Influencing factors affecting the fluctuation of natural gas consumption can be selected as input factors for model training. Wei et al. [34] collected 19 weather profiles from the weather company of IBM for daily consumption forecasting. Sabo et al. [35] analyzed the implicit, explicit, functional, and linear dependence of natural gas consumption on temperature and demonstrated that natural gas consumption and temperature are explicitly related. According to the natural gas consumption forecasting review report conducted by Soldo [36], Tamba et al. [37], and Liu et al. [38], short-term gas consumption is significantly affected by weather profiles and temperature. Thus, factors related to temperature and weather profiles are regarded as the input data for model training to improve the nonlinear fitting ability. In this work, we focus on daily natural gas consumption; therefore, all data we mentioned will be daily data without any specifications.

3.3. Experimental Setup

Considering that the length of time series data is 1096, the LSTM benchmark forecasting model used in this paper is set to a single LSTM layer. Maximum pooling as a method of secondary extraction in the convolutional layer is not appropriate for regression forecasting with a limited data size. Two feature extractions may change the original fluctuations, making the model learn incorrect patterns and reducing the forecasting accuracy. Thus, the feature extraction layer is set to a single CNN layer. The attention layer is set behind the LSTM layer to reassign different weights to the hidden vectors of LSTM. The number of neurons in CNN and LSTM layers, as well as the batch size and epochs, are determined by the GridsearchCV function [39], CV = 5. Other parameters used in the models are determined by trial and error.

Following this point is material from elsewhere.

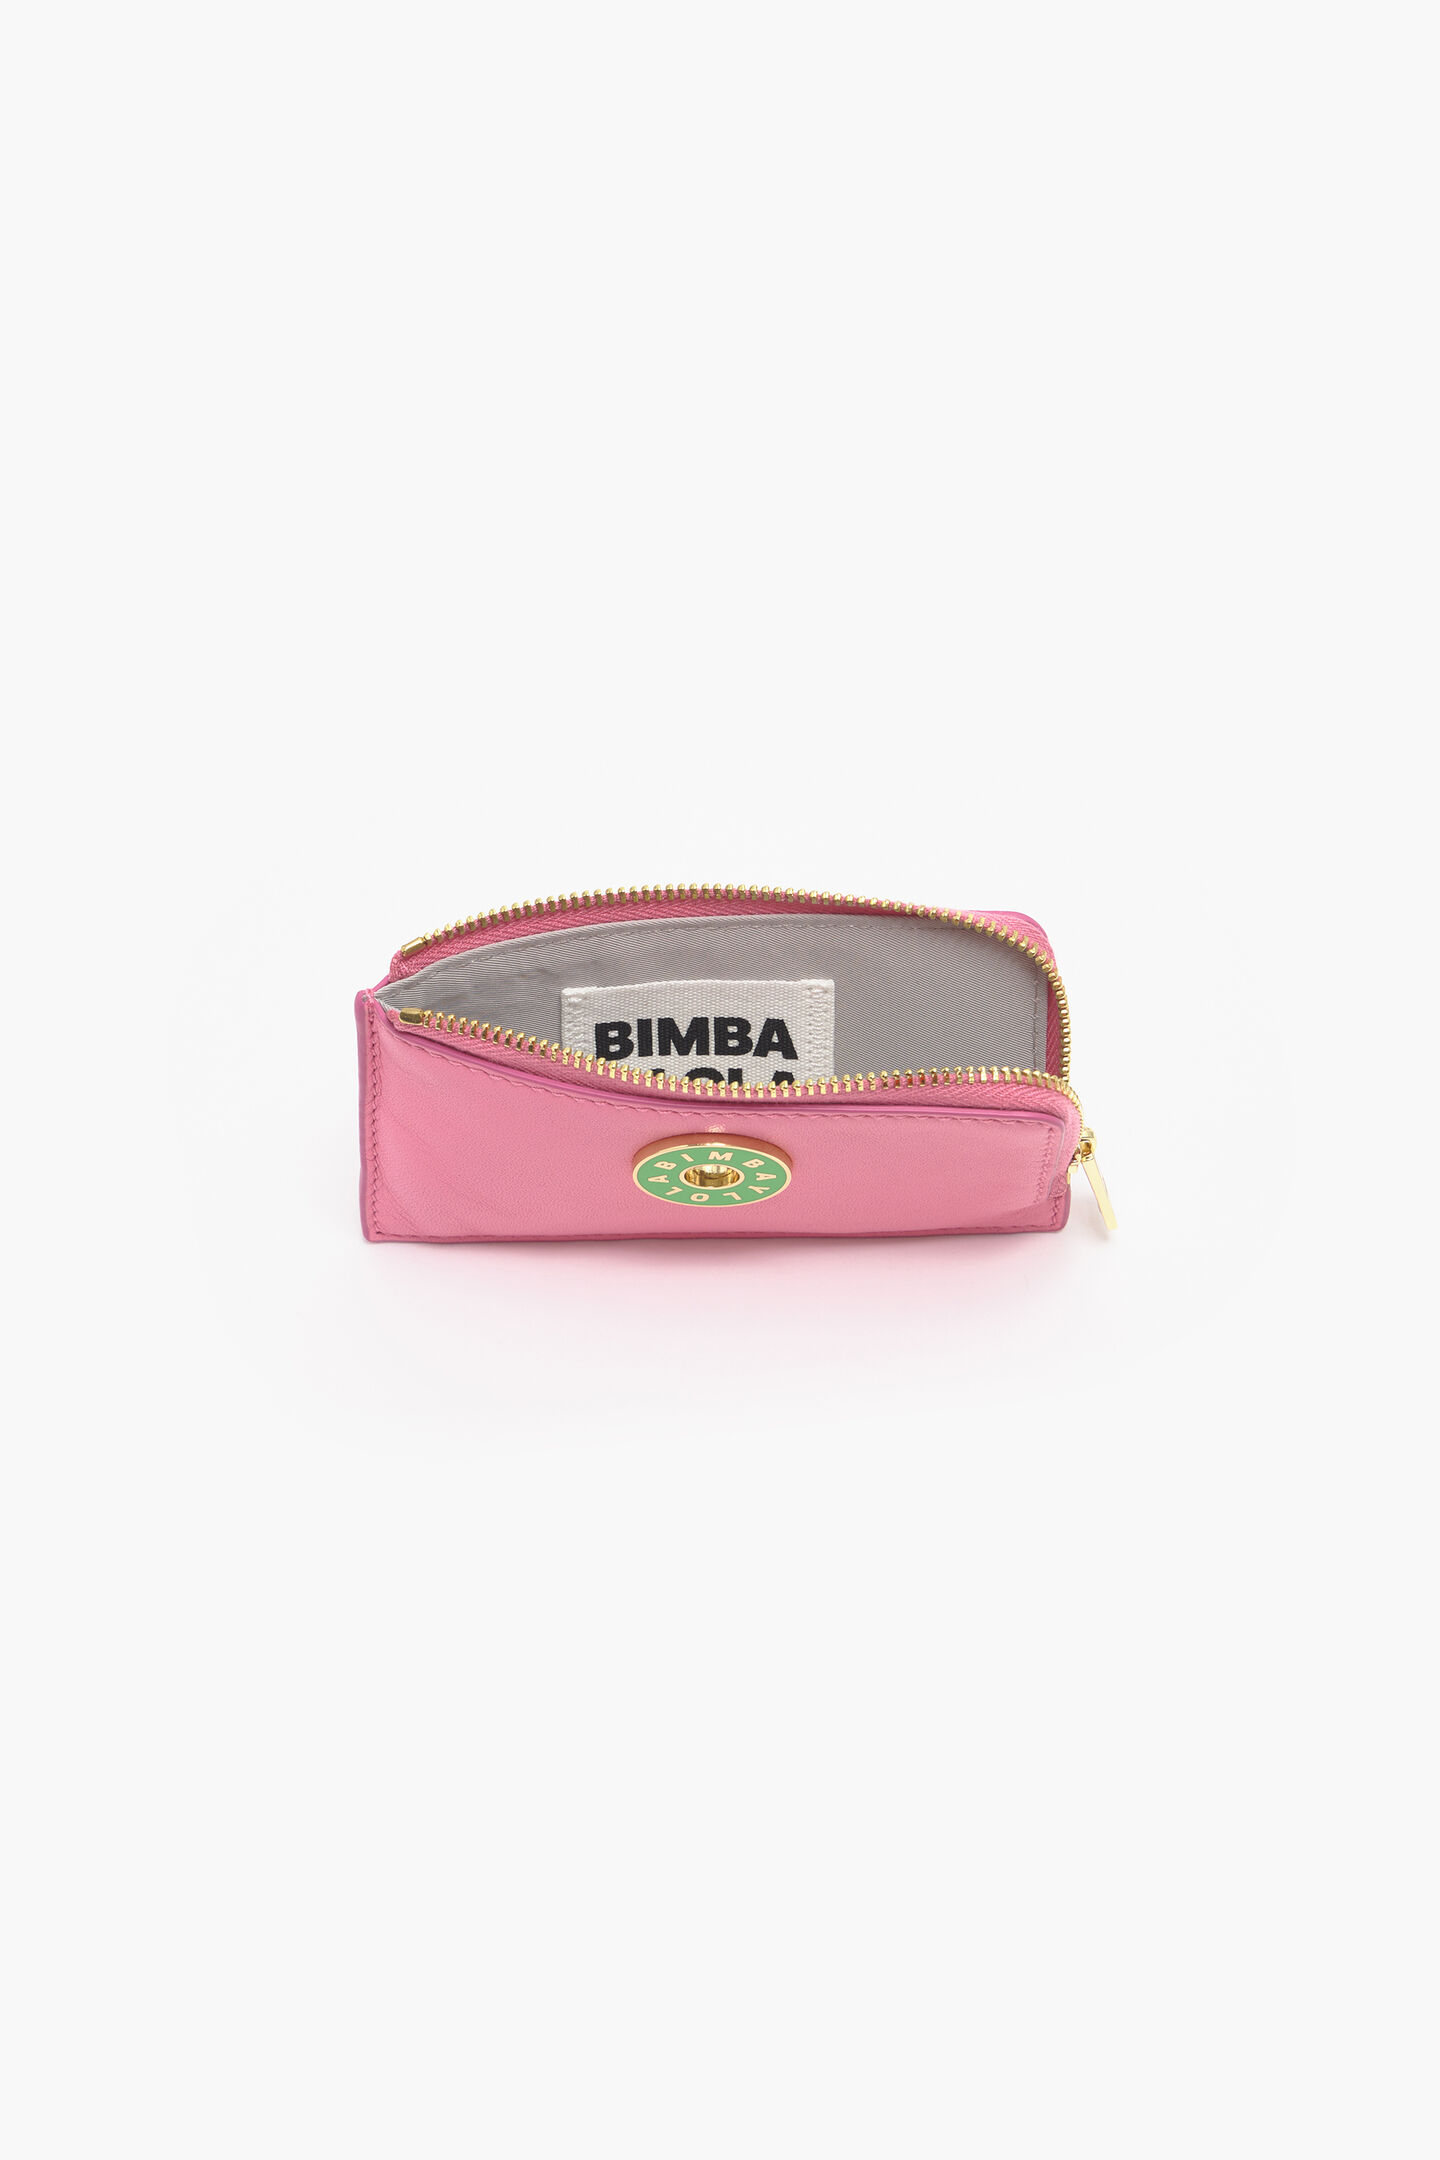 Bimba Y Lola Logo-Plaque Leather Coin Purse

Furthermore, all methods mentioned in this paper are coded in Python 3.8. The neural network functions and structures are constructed based on the package Keras 2.4.3, which was developed by Google.

3.4. Factor Selection

The factors of the two profiles (temperature and weather profiles) related to natural gas consumption include maximum, average, and minimum temperatures; maximum, average, and minimum dew points; maximum, average, and minimum humidities; and maximum, average, and minimum pressures. Those 12 factors are used as the input data of the model for daily forecasting. The Pearson correlation coefficient is used to select the highly correlated factors among the 12 factors. Table 2 shows the Pearson correlation coefficients between consumption and temperature and weather profiles.

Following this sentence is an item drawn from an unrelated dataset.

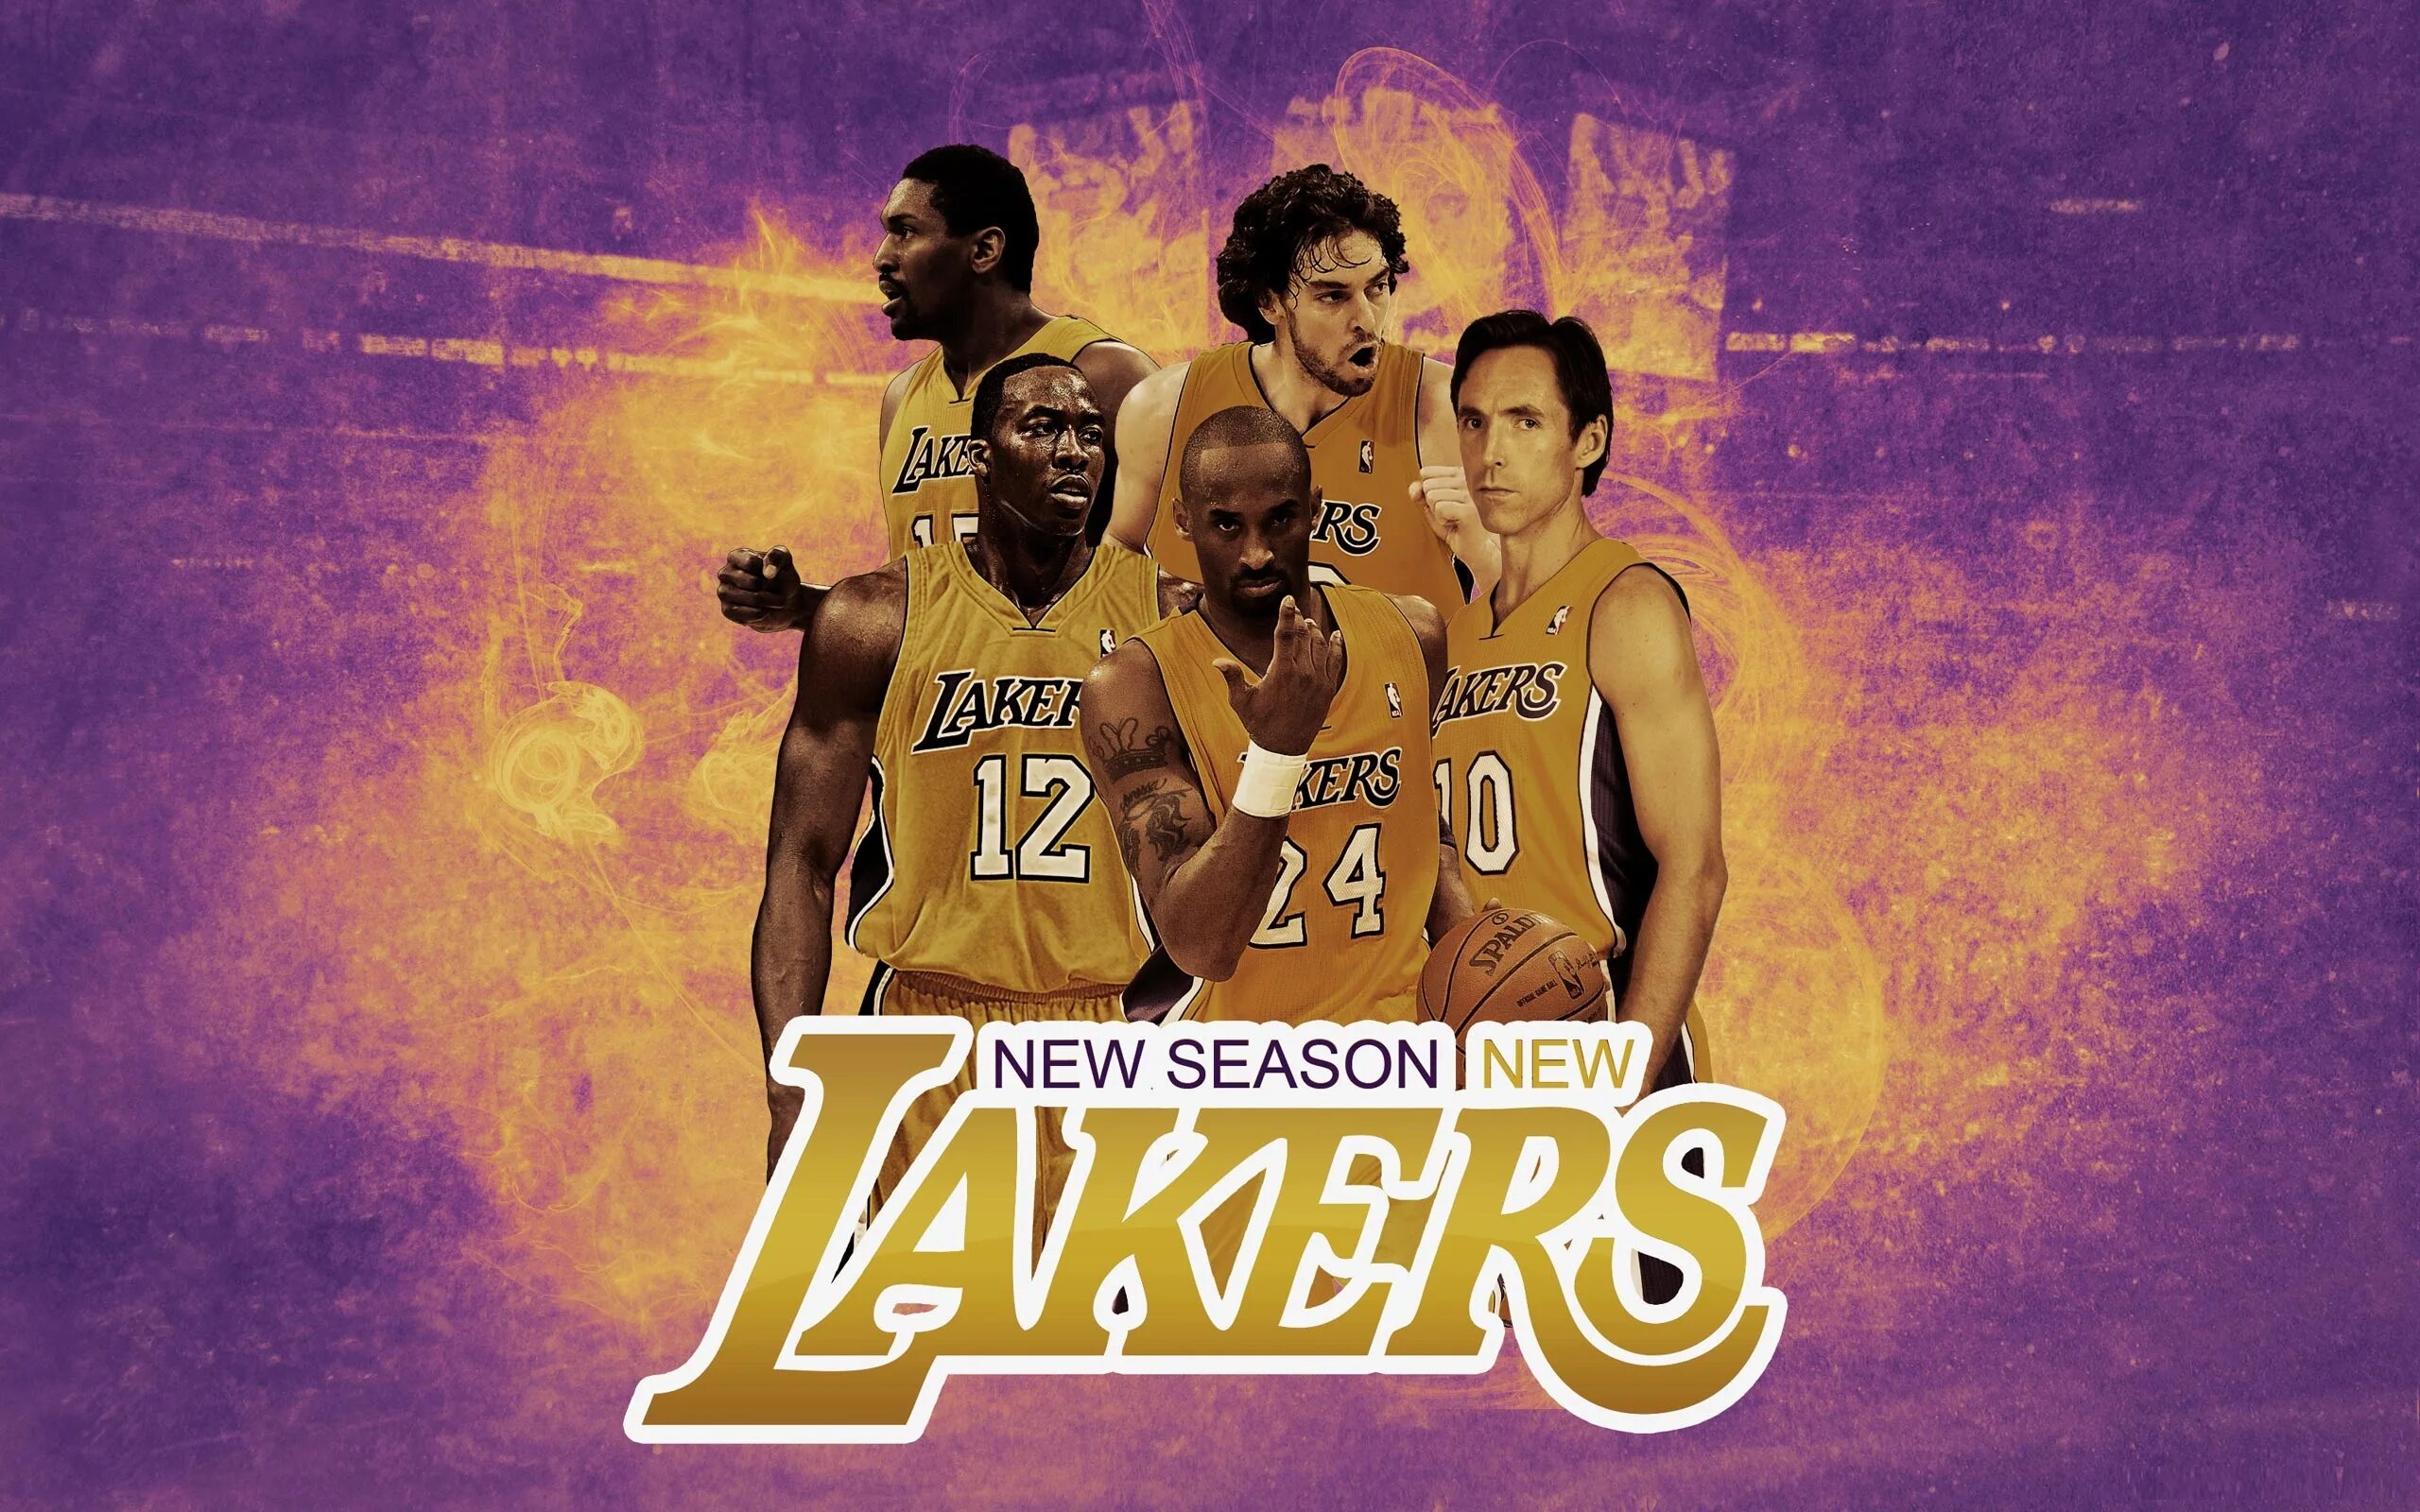 La lakers. Баскетбольный клуб Лос-Анджелес Лейкерс. Лос-Анджелес Лейкерс команда 1990. Команда Лос Анджелес Лейкерс. Lakers 75.

It can be seen from Table 2 that features from temperature and dew point profiles present a higher correlation to natural gas consumption and indicate a negative correlation. Among those 12 factors, the maximum and average temperatures and maximum dew point have the higher absolute correlation coefficients and are selected as the input factors of the forecasting models in this paper.

3.5. Performance Discussion

To evaluate the improvement obtained from the convolutional neural network and attention mechanism on LSTM in terms of accuracy, we first compare the improvement from the single and combined enhancement methods to LSTM. Then, it is compared with other popular forecasting models to prove the robustness of the proposed model.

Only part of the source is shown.